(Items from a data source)
====

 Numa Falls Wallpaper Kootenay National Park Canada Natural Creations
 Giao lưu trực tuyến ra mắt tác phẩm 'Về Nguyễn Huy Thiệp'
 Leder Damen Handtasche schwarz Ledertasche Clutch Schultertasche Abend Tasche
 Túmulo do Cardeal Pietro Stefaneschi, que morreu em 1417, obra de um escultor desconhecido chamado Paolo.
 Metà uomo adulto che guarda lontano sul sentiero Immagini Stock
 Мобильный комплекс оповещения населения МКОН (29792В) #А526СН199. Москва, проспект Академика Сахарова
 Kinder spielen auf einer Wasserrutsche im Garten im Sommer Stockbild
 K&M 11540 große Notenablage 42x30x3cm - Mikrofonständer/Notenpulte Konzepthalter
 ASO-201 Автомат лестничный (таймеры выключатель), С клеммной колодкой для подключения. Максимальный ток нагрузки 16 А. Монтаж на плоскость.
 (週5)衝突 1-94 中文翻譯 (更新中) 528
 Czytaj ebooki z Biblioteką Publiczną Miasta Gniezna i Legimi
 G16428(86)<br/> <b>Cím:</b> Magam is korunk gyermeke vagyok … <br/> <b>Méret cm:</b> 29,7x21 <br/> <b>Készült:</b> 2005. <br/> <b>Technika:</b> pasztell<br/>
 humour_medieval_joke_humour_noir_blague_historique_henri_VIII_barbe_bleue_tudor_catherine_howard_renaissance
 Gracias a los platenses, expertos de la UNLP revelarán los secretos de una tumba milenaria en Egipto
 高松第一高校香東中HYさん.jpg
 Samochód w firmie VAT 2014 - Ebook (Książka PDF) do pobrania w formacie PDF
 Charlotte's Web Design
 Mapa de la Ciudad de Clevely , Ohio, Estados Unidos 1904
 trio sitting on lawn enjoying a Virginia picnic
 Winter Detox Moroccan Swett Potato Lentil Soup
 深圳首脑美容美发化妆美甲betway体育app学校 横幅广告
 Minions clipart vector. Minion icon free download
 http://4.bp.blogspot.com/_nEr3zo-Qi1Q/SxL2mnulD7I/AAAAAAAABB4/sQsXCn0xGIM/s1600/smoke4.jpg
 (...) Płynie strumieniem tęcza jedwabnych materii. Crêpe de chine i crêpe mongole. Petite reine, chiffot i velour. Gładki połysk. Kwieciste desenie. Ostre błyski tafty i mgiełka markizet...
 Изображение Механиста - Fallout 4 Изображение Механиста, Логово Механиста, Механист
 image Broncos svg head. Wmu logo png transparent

====

* _WHAT NEEDS TO BE DONE_: The lines above, from the start of the records through the one containing "Czytaj ebooki z", are to be printed exactly, and nothing else is to be included.

* _RESULT BELOW_:
 Numa Falls Wallpaper Kootenay National Park Canada Natural Creations
 Giao lưu trực tuyến ra mắt tác phẩm 'Về Nguyễn Huy Thiệp'
 Leder Damen Handtasche schwarz Ledertasche Clutch Schultertasche Abend Tasche
 Túmulo do Cardeal Pietro Stefaneschi, que morreu em 1417, obra de um escultor desconhecido chamado Paolo.
 Metà uomo adulto che guarda lontano sul sentiero Immagini Stock
 Мобильный комплекс оповещения населения МКОН (29792В) #А526СН199. Москва, проспект Академика Сахарова
 Kinder spielen auf einer Wasserrutsche im Garten im Sommer Stockbild
 K&M 11540 große Notenablage 42x30x3cm - Mikrofonständer/Notenpulte Konzepthalter
 ASO-201 Автомат лестничный (таймеры выключатель), С клеммной колодкой для подключения. Максимальный ток нагрузки 16 А. Монтаж на плоскость.
 (週5)衝突 1-94 中文翻譯 (更新中) 528
 Czytaj ebooki z Biblioteką Publiczną Miasta Gniezna i Legimi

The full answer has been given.